Au large de la Corse, des bateaux de combat ont remplacé les yachts de luxe: 6.000 militaires de six pays alliés s'entraînent à la guerre jusqu'à début décembre dans une bataille navale grandeur nature en Méditerranée occidentale.
L'exercice Polaris 21, organisé par la Marine, "a pour vocation d'intégrer l'environnement international d'aujourd'hui qui est marqué par des tensions tatiques", notamment le long des côtes syriennes en Méditerranée orientale ou au nord-est de l'Europe, du côté de la Biélorussie, afin de "préparer la Marine ainsi que les armées de l'air et de terre à des engagements de haute intensité", explique le contre-amiral Emmanuel Slaars depuis le porte-hélicoptères amphibie Tonnerre de la Marine française d'où il commande les opérations.
Après des décennies d'engagement dans des conflits dit asymétriques face à des unités volatiles et agiles de jihadistes, les pays occidentaux se préparent désormais également au retour d'affrontements entre Etats avec des combats entre forces comparables à de multiples niveaux -militaire, diplomatique, spatial, commercial, cyber, informationnel...-.
Dans cet exercice, le défi est de "synchroniser" des interventions "sous la mer, en surface, dans les airs", le tout en intégrant "des interactions avec le milieu spatial" qui intervient "dans le domaine du renseignement" ainsi que les interférences du cyberespace avec, par exemple, des informations ou fausses allégations susceptibles de soutenir ou de nuire à une action militaire, poursuit Emmanuel Slaars. Pour l'occasion, un "faux système Twitter" a ainsi été créé.

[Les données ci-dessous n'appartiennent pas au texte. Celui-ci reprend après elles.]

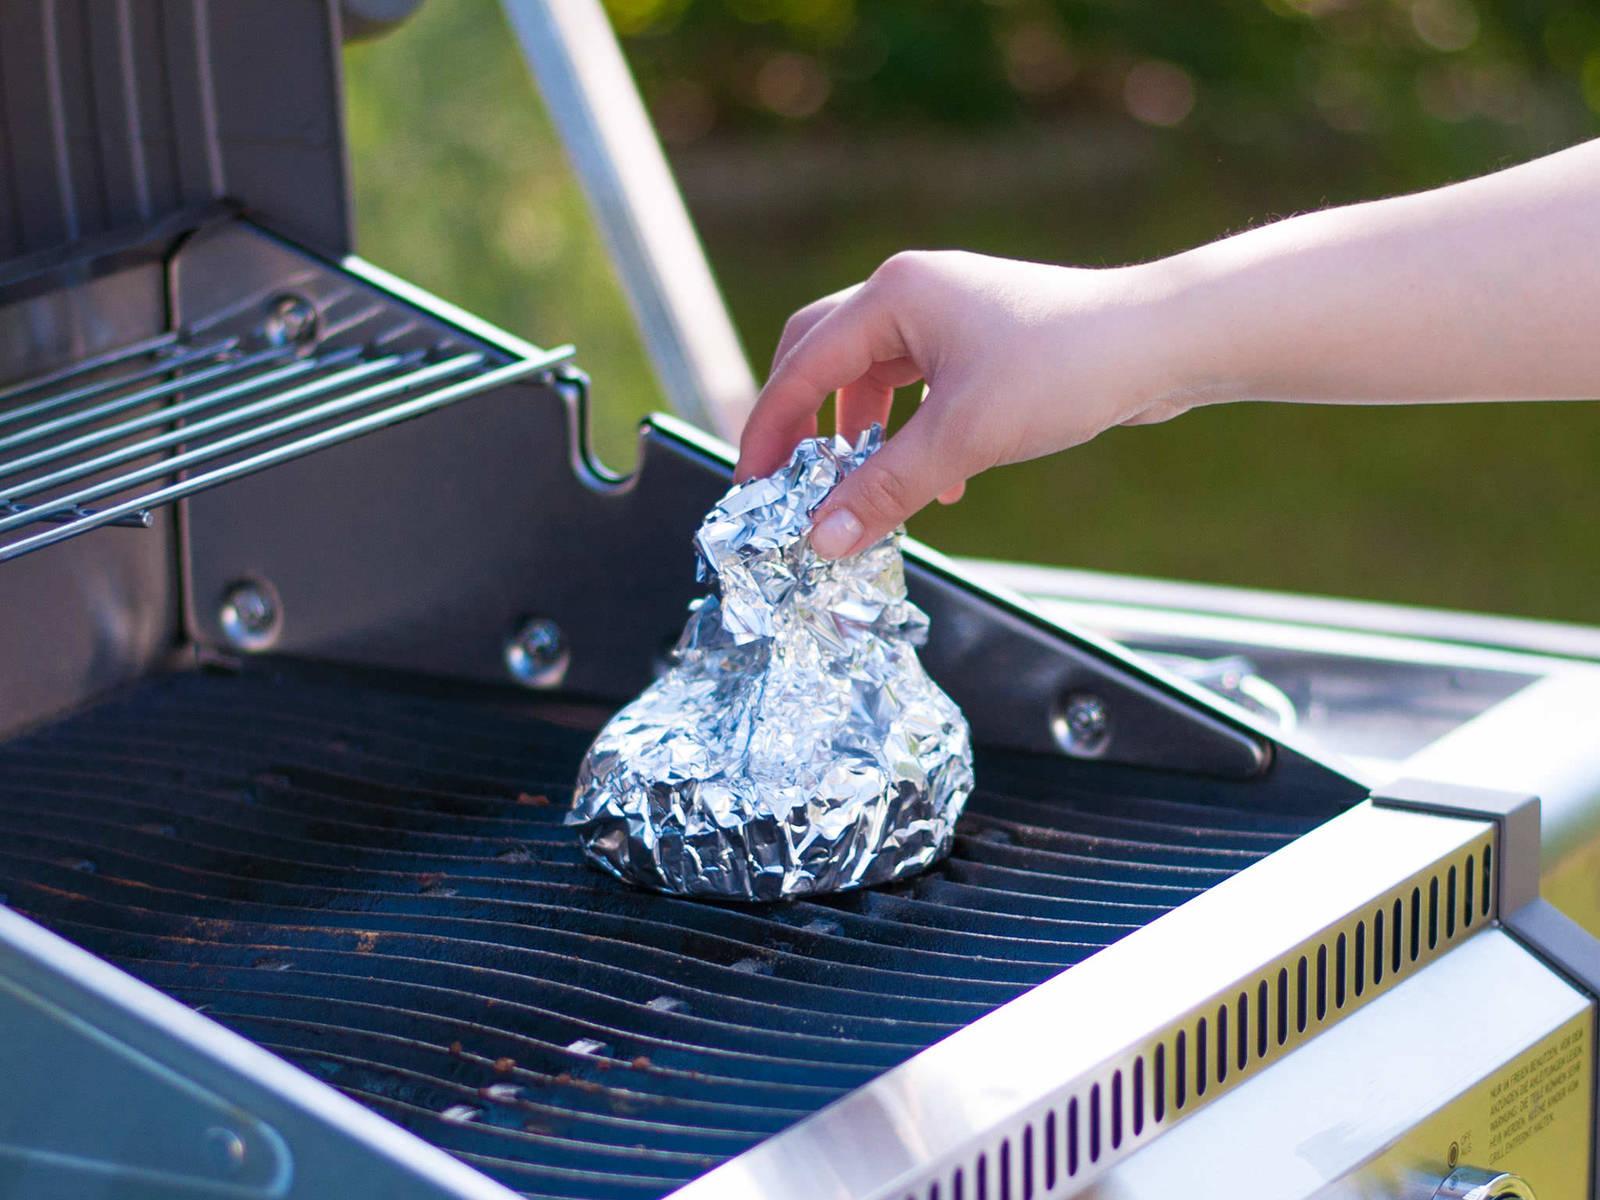 Die Alufolie falten, gut verschließen und das Päckchen anschließend auf den Grill legen. Je nach Größe ca. 15 - 20 Min. grillen bis der Käse weich wird.
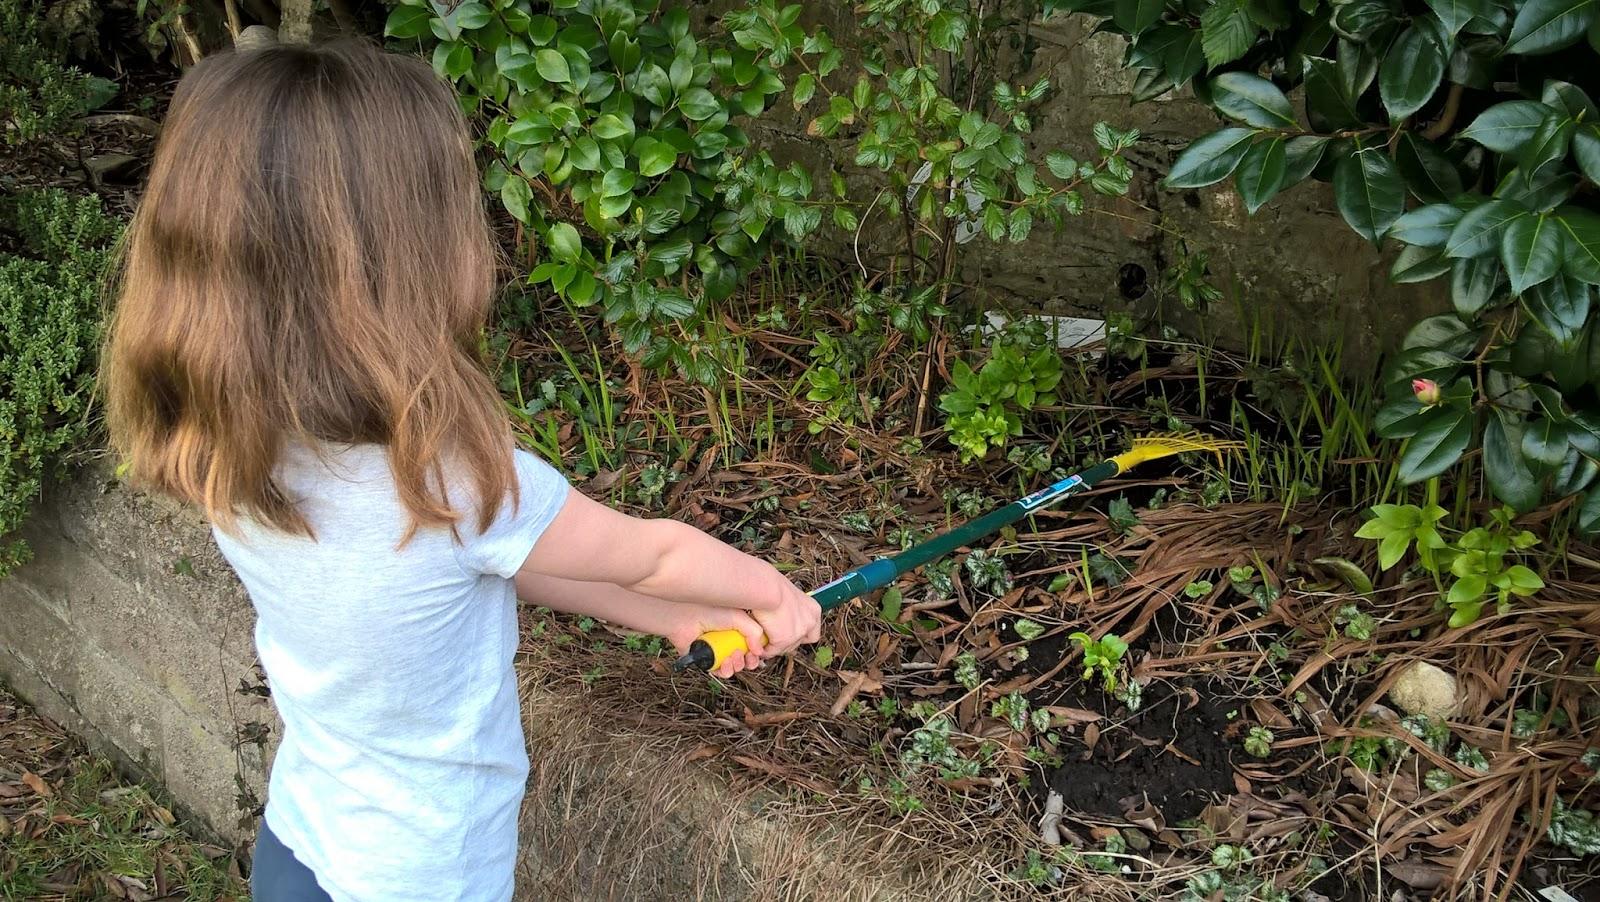 Caitlin Hobbis raking leaves in the garden - Surcare Help A Hand Challenge - motherdistracted.co.uk

Les forces engagées dans Polaris 21 doivent aussi prendre en considération "des mandats donnés par le Conseil de sécurité de l'ONU".
Capacité de dissuasion
Ces manoeuvres, qui ont débuté le 18 novembre et se termineront le 3 décembre, engagent d'importants moyens militaires de six pays alliés, France, Grande-Bretagne, Etats-Unis, Espagne, Italie, Grèce: 25 navires et 65 avions répartis en deux camps s'affrontent en Méditerranée occidentale, des côtes françaises jusqu'au sud de la Sardaigne (Italie) et aux côtes des Baléares (Espagne) à l'ouest. Deux bateaux sont aussi présents sur l'océan Atlantique.
Plusieurs fleurons des forces armées françaises participent à Polaris 21: le porte-avions Charles de Gaulle avec ses 20 avions de chasse Rafale et ses deux avions de surveillance aérienne E-2C Hawkeye, un sous-marin nucléaire d'attaque ou encore le Tonnerre. S'y ajoutent 13 frégates dont cinq étrangères, six patrouilleurs et trois ravitailleurs pour restituer "de façon réaliste" les conditions du combat même si, dans ce cas, la mort ne rode pas.
Dans la zone d'état-major du porte-hélicoptères Tonnerre, la concentration se lit sur les visages des officiers aux yeux rivés sur les cartes, radars ou autres documents "secret défense".
La force "rouge" dont il fait partie, représente une armée d'un pays fictif baptisé "Mercure". Face à elle, une force "bleue", réunie autour du Charles-de-Gaulle, incarne une coalition interalliée emmenée par la France.
Depuis minuit, des troupes "rouges" ont quitté le Tonnerre au Nord de Bastia à bord d'embarcations amphibies pour rejoindre incognito, le long des côtes, la ville de Porto-Vecchio, dans le sud de la Corse, où ils ont donné l'assaut à 6H00 du matin. Objectif: placer "une batterie de défense sol-air" afin de compliquer "la manoeuvre du porte-avions Charles de Gaulle dans le détroit de Bonifacio", explique le commandant "rouge" du Tonnerre, Guillaume Tandonnet.
"On a des bateaux de la force bleue qui nous tournent autour et qui essayent de nous tester voire de nous couler donc forcément il y a une certaine tension", explique-t-il bien que cette tension soit évidemment différente que lors d'un vrai conflit. S'il permet d'affûter les capacités opérationnelles des armées, l'exercice Polaris 21 vise aussi à faire "la démonstration que la France et ses alliés sont particulièrement attachés à maintenir la liberté de navigation en Méditerranée", souligne le contre-amiral Slaars. Une manière de montrer au grand public et aux potentiels adversaires "la capacité de dissuasion de la Marine française", glisse à l'AFP un officier participant à l'exercice.